▸ **The task**:
Your output should be the lines below from the one with "Melbourne's Cable Ties" through the one with "Latest health and nutrition tips 2020", copied exactly, pictures excluded.

▸ **The input**:
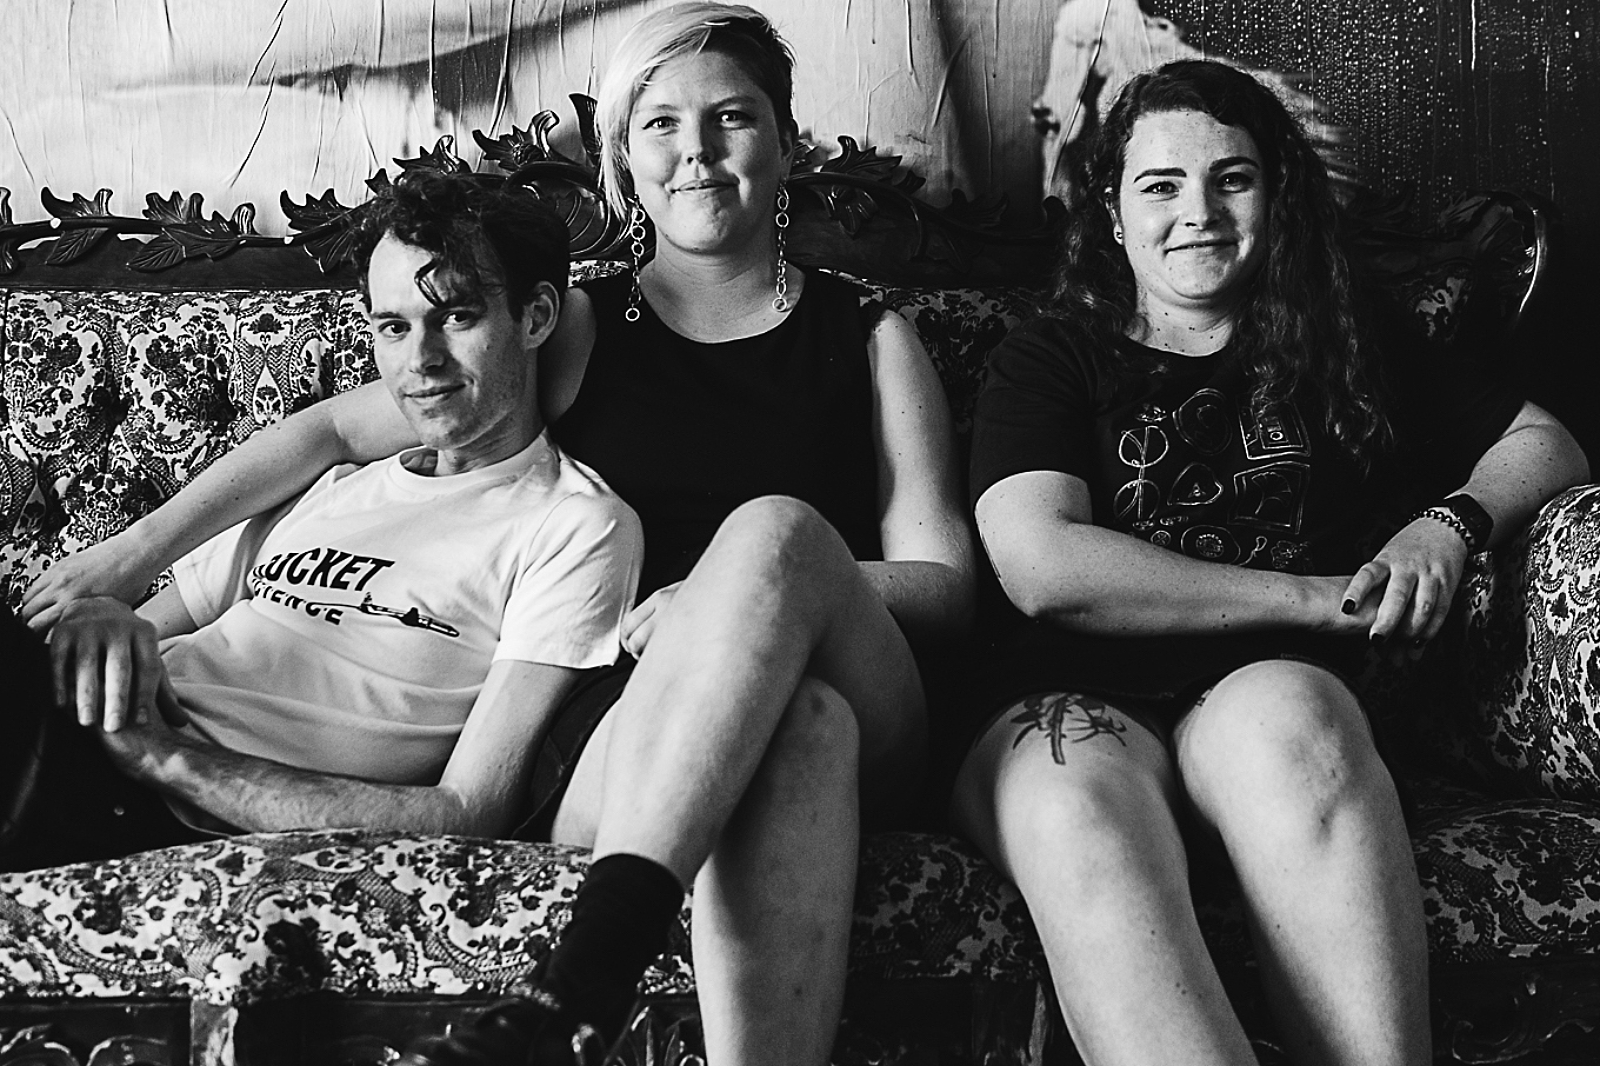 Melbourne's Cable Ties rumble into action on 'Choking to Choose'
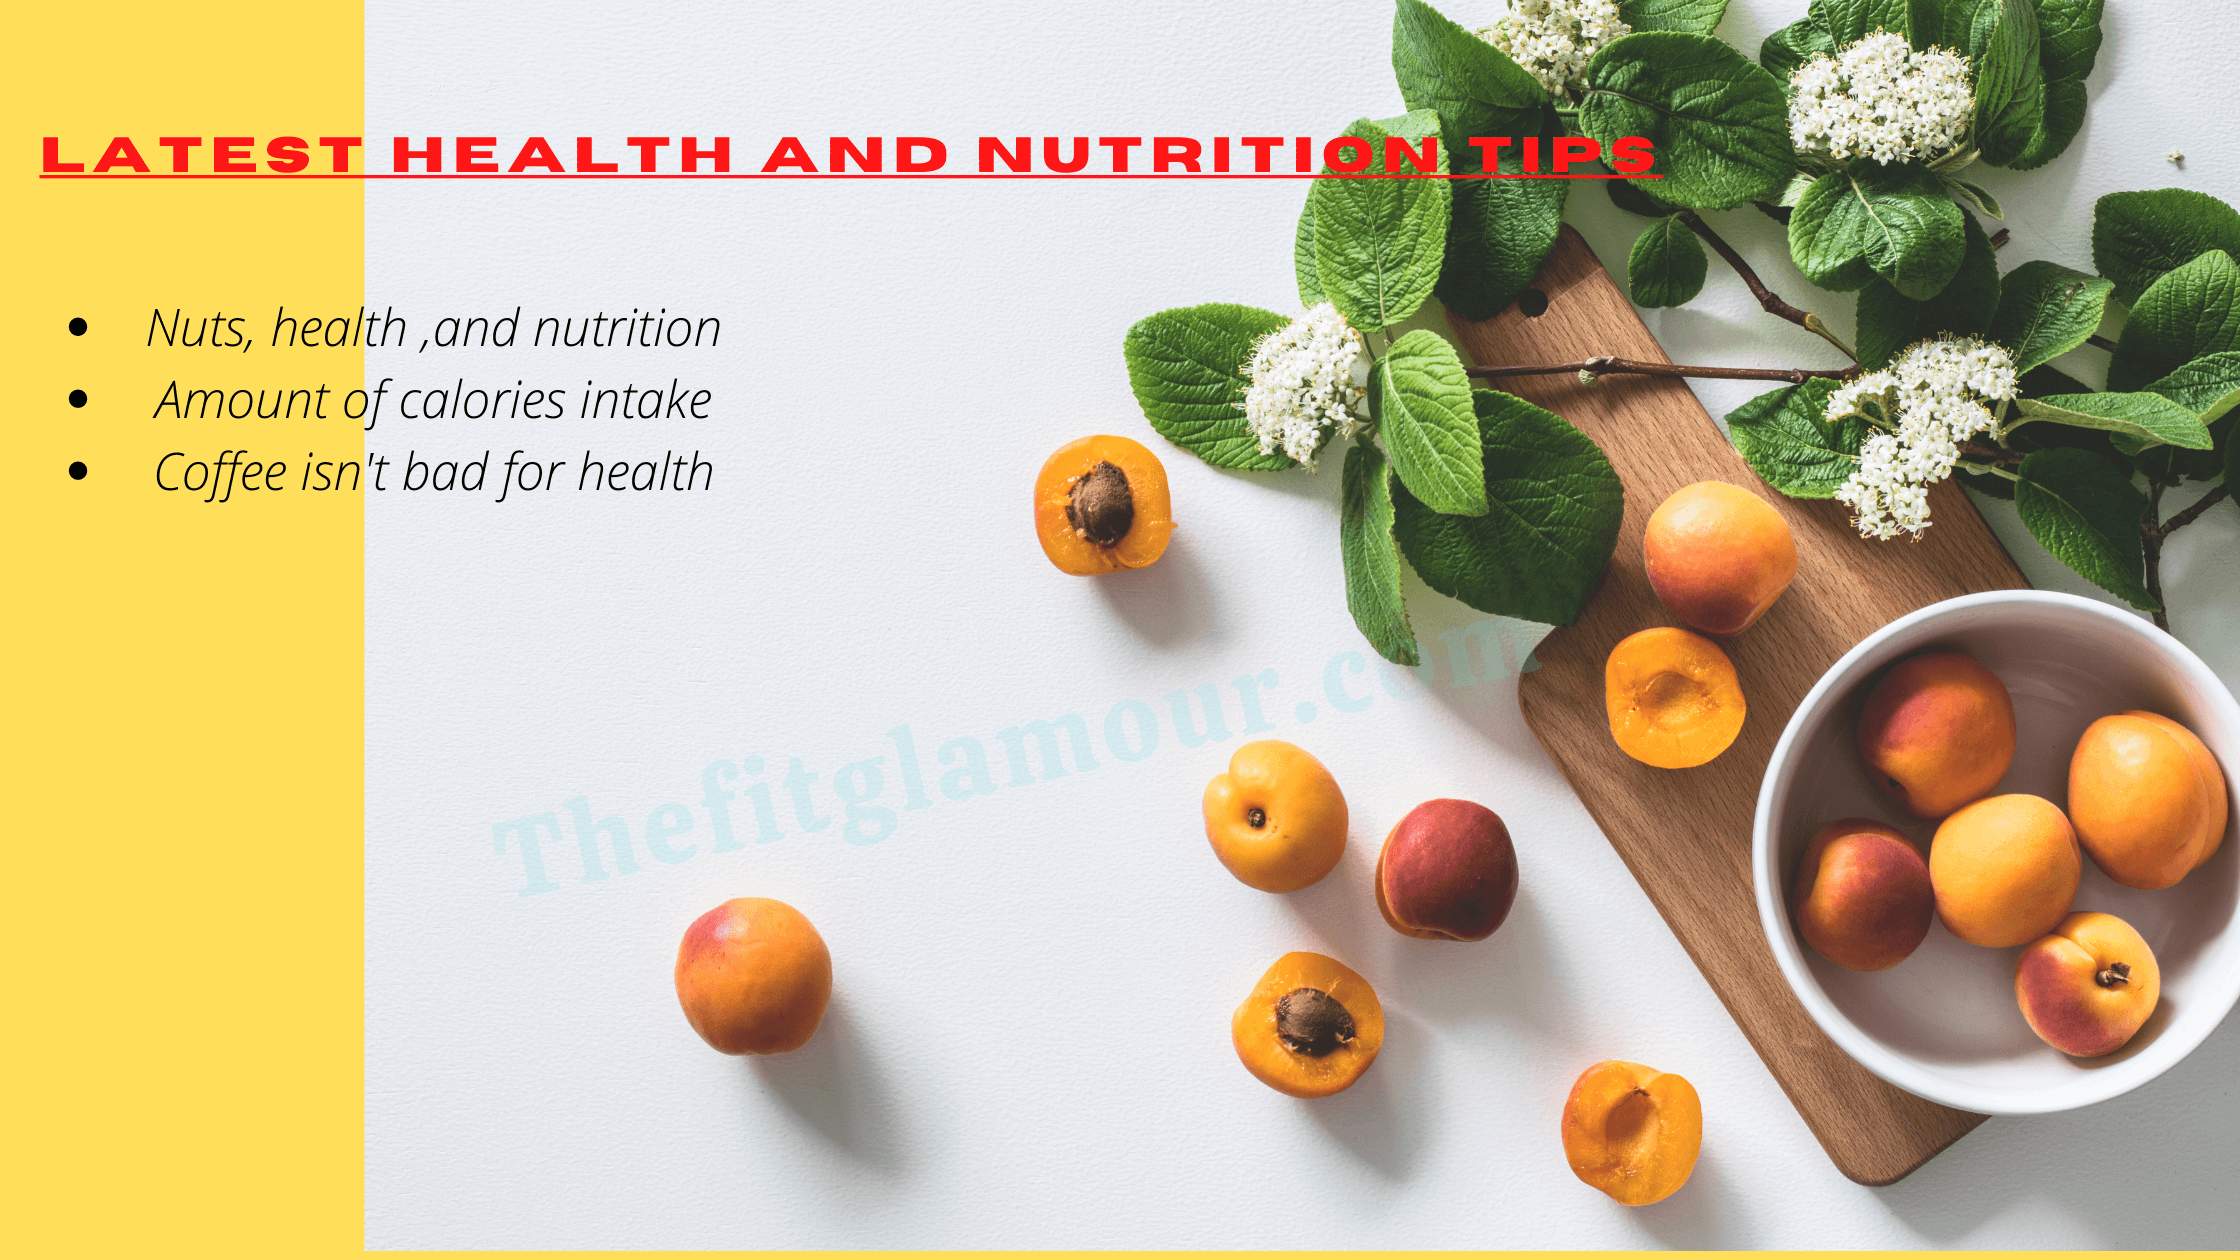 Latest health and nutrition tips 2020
---
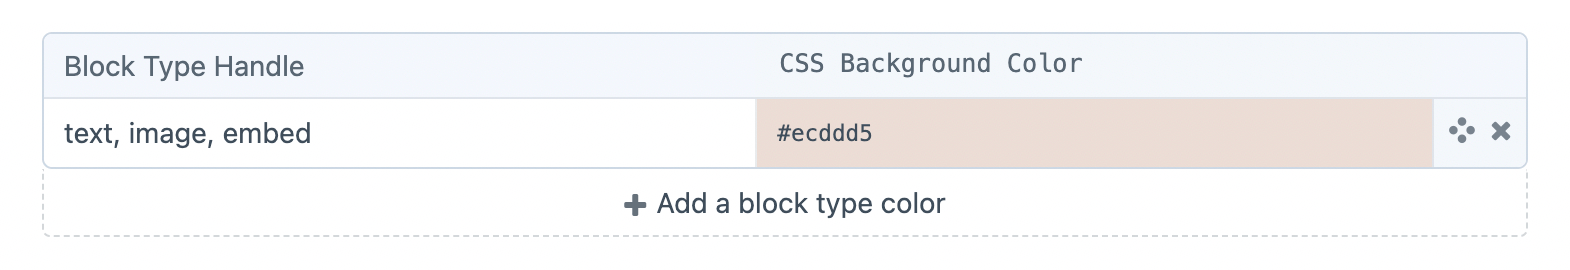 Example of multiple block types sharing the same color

▸ **Task result**:
 Melbourne's Cable Ties rumble into action on 'Choking to Choose'
 Latest health and nutrition tips 2020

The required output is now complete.